See `scripts/README.md` for detailed usage instructions.

## Repository Layout

```
src/legacy_web_mcp/        # Application source code
├── mcp/                   # FastMCP bootstrap and MCP tools
├── discovery/             # Website discovery and crawling engine
├── storage/              # Project and data persistence
├── config/               # Configuration management
└── shared/               # Cross-cutting utilities

docs/                     # Documentation and specifications
├── architecture.md       # System architecture overview
├── mcp-context.md        # MCP Context system documentation
├── stories/              # Epic and story documentation
└── web_discovery/        # Discovery output examples

scripts/                  # Manual testing and development tools
tests/                    # pytest test suites
```

## Documentation

Comprehensive documentation is available in the `docs/` directory:

- **[Architecture Overview](docs/architecture.md)** - System design and component interaction
- **[MCP Context Guide](docs/mcp-context.md)** - Understanding the MCP Context system, testing approaches, and best practices
- **[Distribution Guide](DISTRIBUTION.md)** - Complete guide for packaging and distributing with uvx
- **[Story Documentation](docs/stories/)** - Epic and user story specifications
- **[Discovery Examples](docs/web_discovery/)** - Sample website discovery outputs

## Configuration

### Environment Setup

1. **Optional**: Copy `.env.template` to `.env` and configure your environment:
   ```bash
   # LLM API Keys (for future AI-powered analysis features)
   OPENAI_API_KEY=your_openai_key_here
   ANTHROPIC_API_KEY=your_anthropic_key_here
   GEMINI_API_KEY=your_gemini_key_here

   # Discovery settings
   DISCOVERY_TIMEOUT=60
   DISCOVERY_MAX_DEPTH=3
   OUTPUT_ROOT=docs/web_discovery
   ```

2. **Install Playwright browsers** (optional, for enhanced crawling):
   ```bash
   uv run playwright install
   ```

### Configuration Management

- **Check current configuration**: Use the `show_config` tool to inspect active settings
  ```bash
  python scripts/test_mcp_client.py show_config
  ```

- **Health monitoring**: Get comprehensive system status
  ```bash
  python scripts/test_mcp_client.py health_check
  ```

- **Validate dependencies**: Check Playwright browser installations
  ```bash
  python scripts/test_mcp_client.py validate_dependencies
  ```

Default settings and configuration documentation are in `docs/stories/1.3.basic-configuration-management.md`.

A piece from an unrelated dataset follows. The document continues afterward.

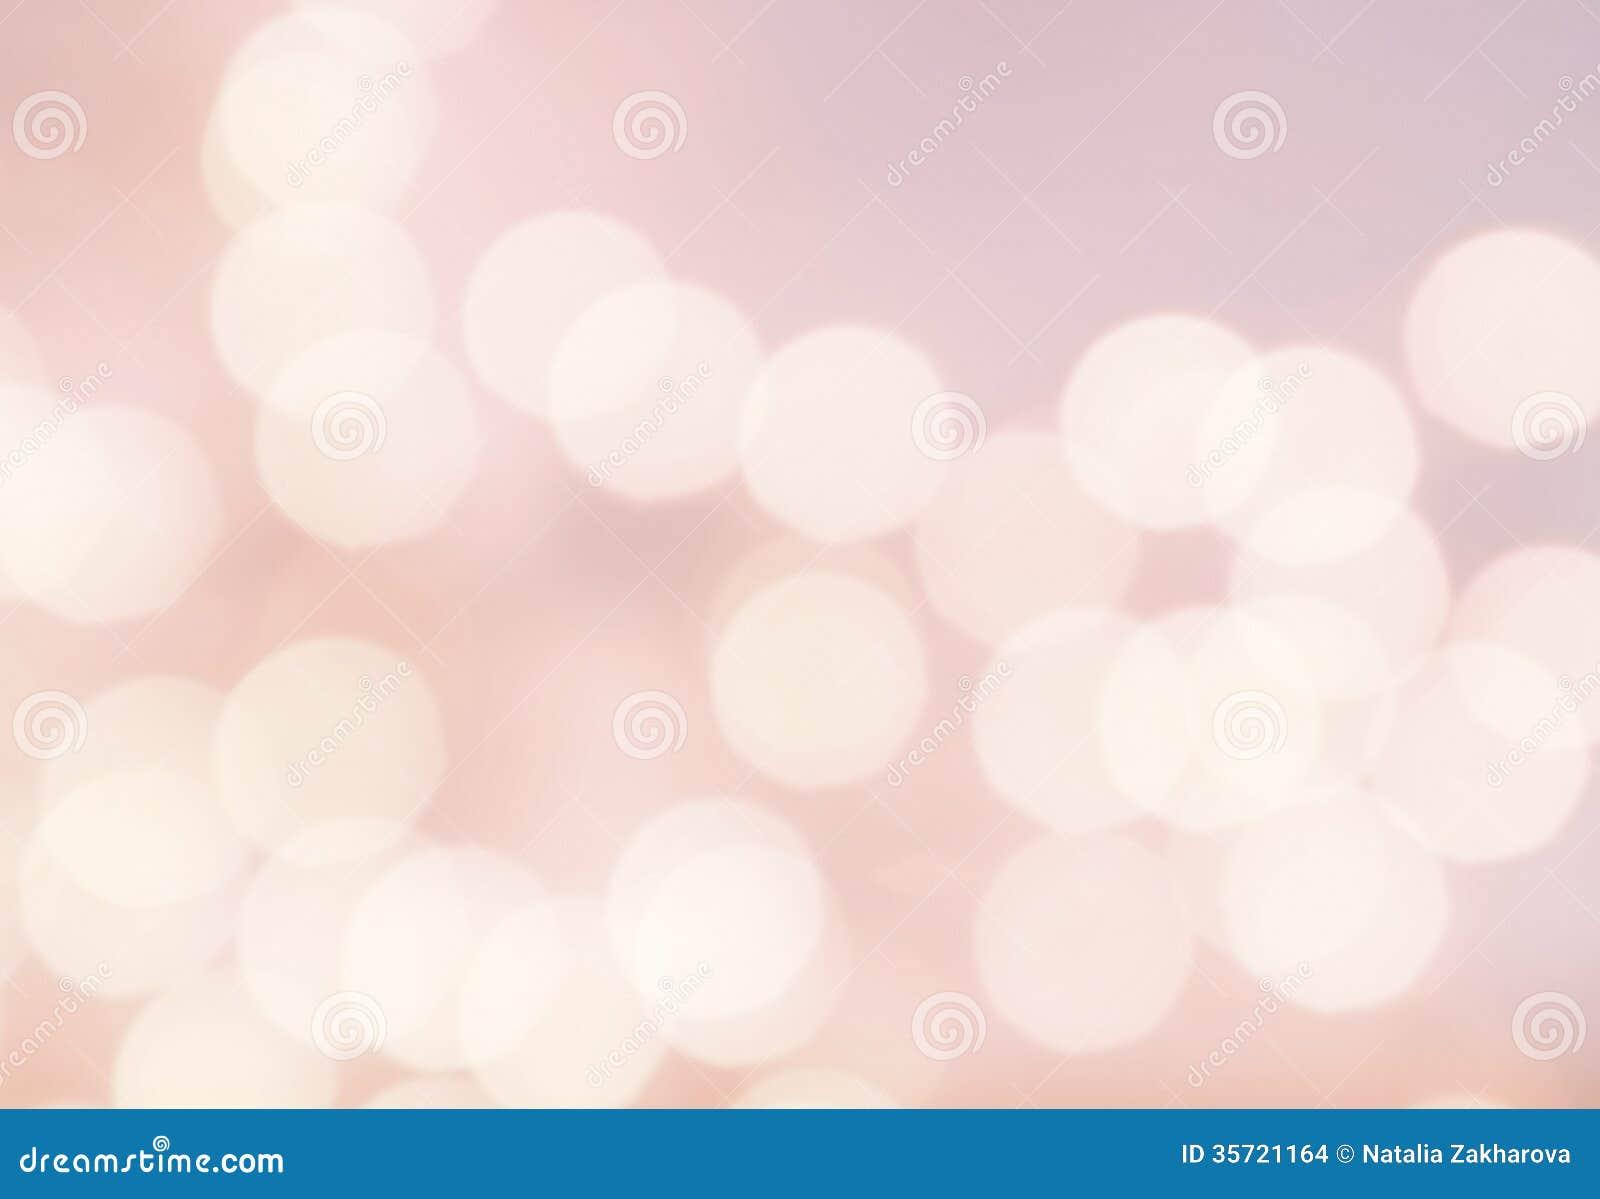 Fundo do vintage da luz de Bokeh. Cor cor-de-rosa brilhante. Natu abstrato
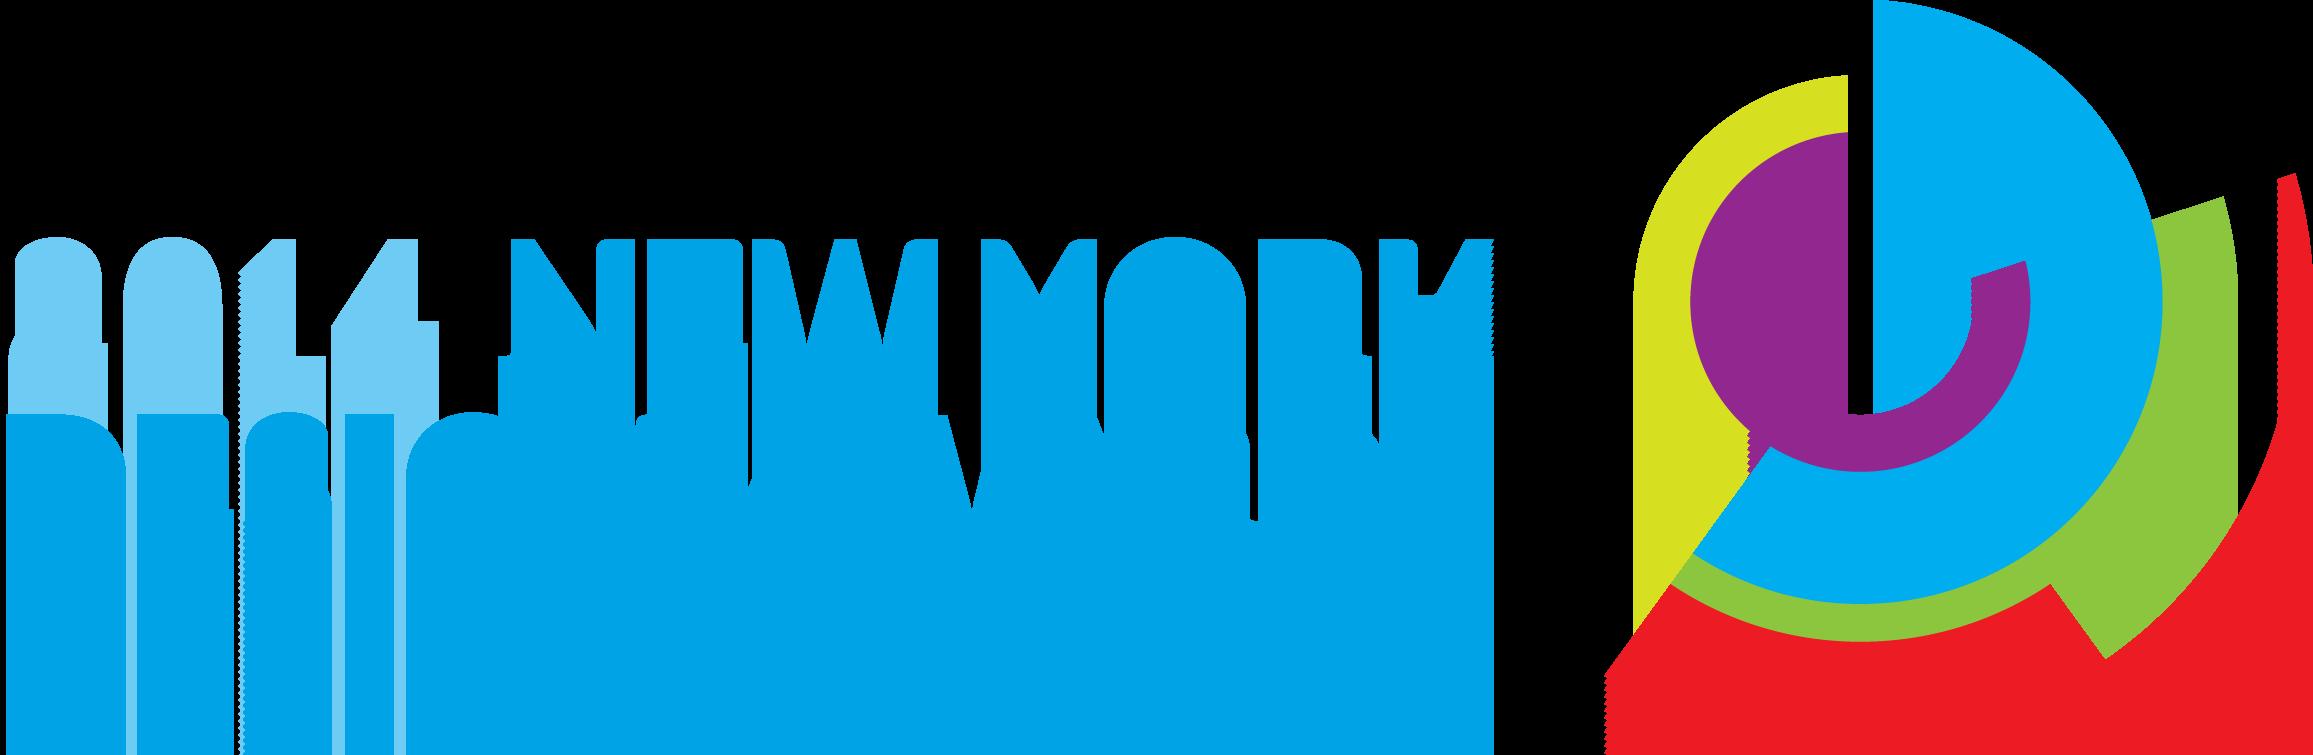 Logo-Landscape-NYDA2014.png

## Website Discovery Features

The server provides comprehensive website discovery capabilities:

### Discovery Methods
- **Sitemap parsing** - Automatically finds and parses XML sitemaps
- **Robots.txt analysis** - Extracts allowed/disallowed paths and additional sitemaps
- **Intelligent crawling** - Discovers internal pages, external links, and static assets

### Output Formats
- **JSON inventory** - Machine-readable site structure data
- **YAML inventory** - Human-readable site structure overview
- **Project metadata** - Discovery configuration and statistics

### Quick Start Examples

```bash
# Discover a website structure
python scripts/test_discovery_direct.py https://example.com

# Discover with comprehensive output
python scripts/manual_test.py discover https://context7.com
```

Discovery results are stored in `docs/web_discovery/` with timestamped project folders containing:
- `discovery/inventory.json` - Complete site structure
- `discovery/inventory.yaml` - Human-readable overview
- `metadata.json` - Project configuration and stats

## Continuous Integration

GitHub Actions workflow in `.github/workflows/ci.yml` runs linting, typing, and tests against Python 3.11 using uv. The workflow keeps dependencies consistent with the local development setup.

## License

Distributed under the MIT License. See `LICENSE` for details.